• _About this exercise_: Your answer must be exactly the lines from the one containing "SLV - Kalu 2" through the end of the material, both ends included, without pictures.
-- Data block follows --
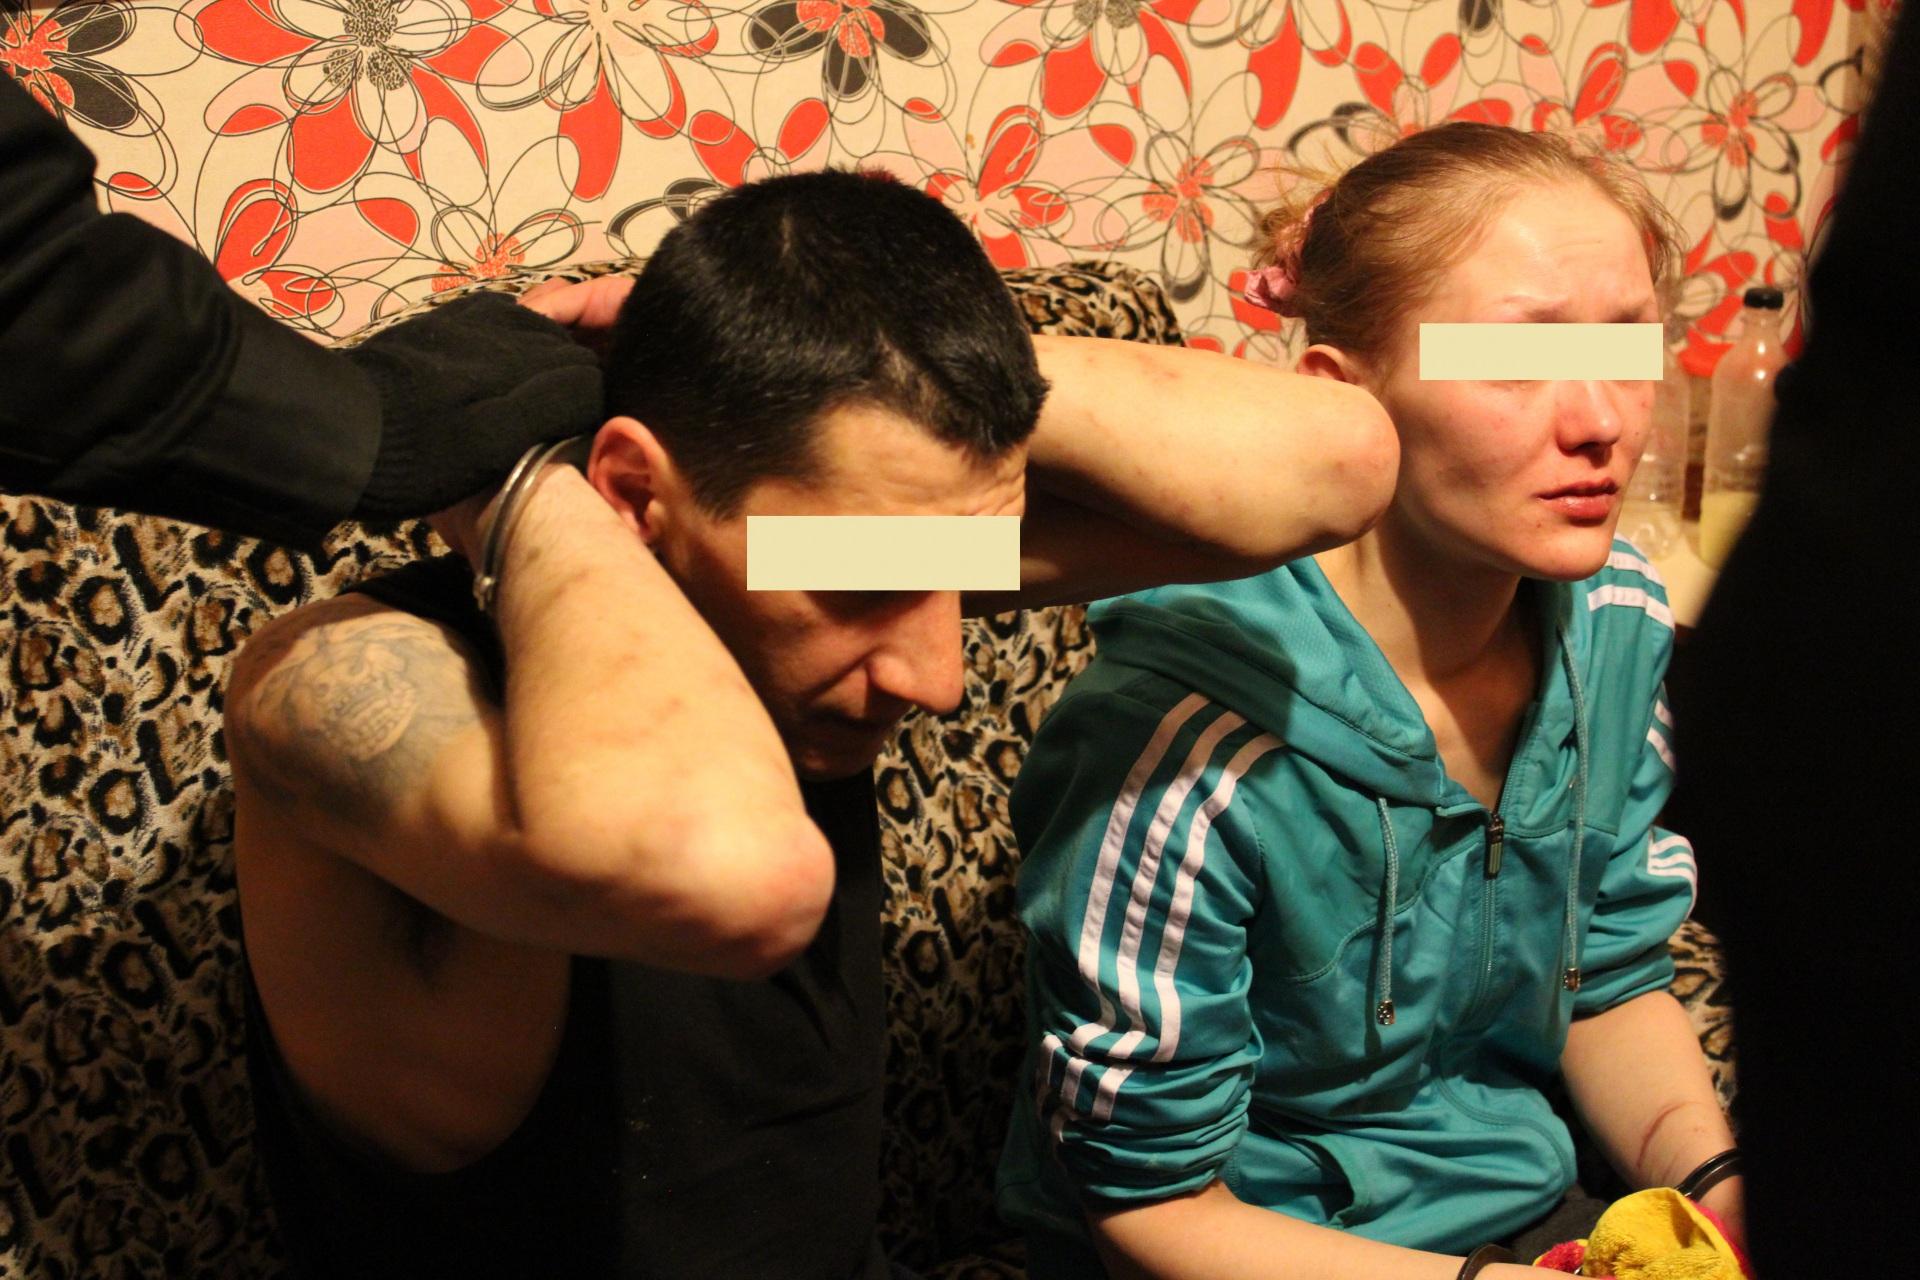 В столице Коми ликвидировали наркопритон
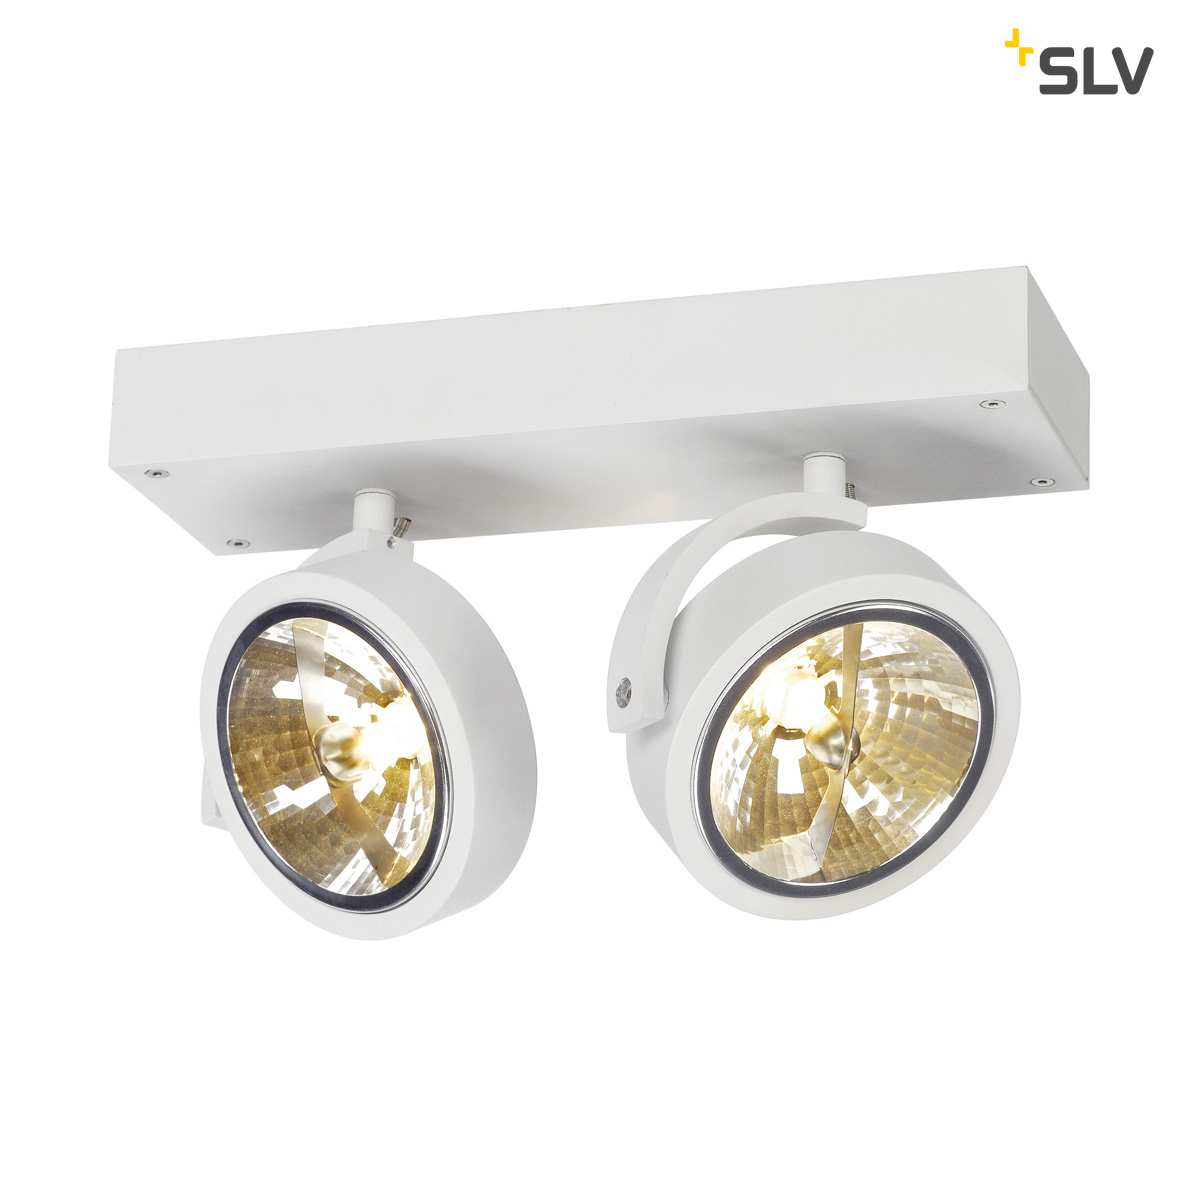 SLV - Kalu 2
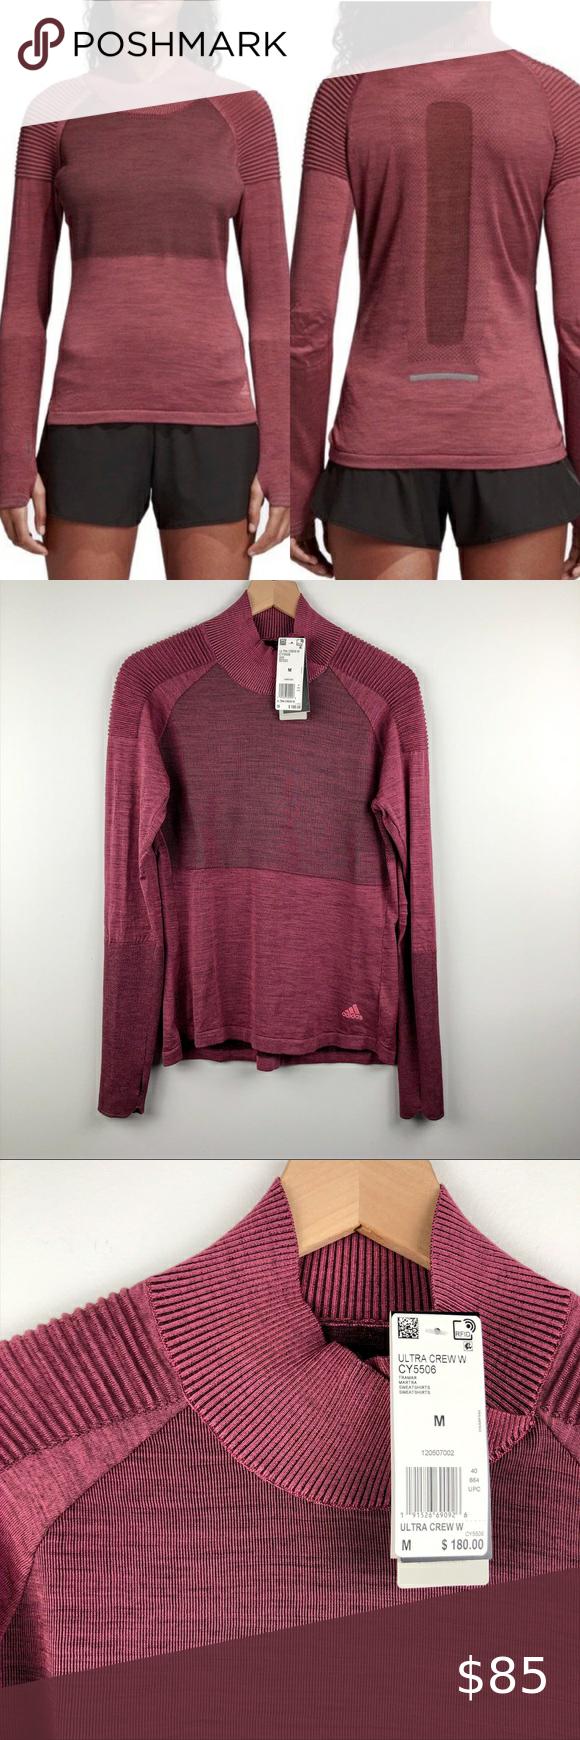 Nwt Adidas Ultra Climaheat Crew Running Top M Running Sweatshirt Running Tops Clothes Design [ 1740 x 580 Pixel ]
-- Data block concluded --
• _Exercise answer_:
 SLV - Kalu 2
 Nwt Adidas Ultra Climaheat Crew Running Top M Running Sweatshirt Running Tops Clothes Design [ 1740 x 580 Pixel ]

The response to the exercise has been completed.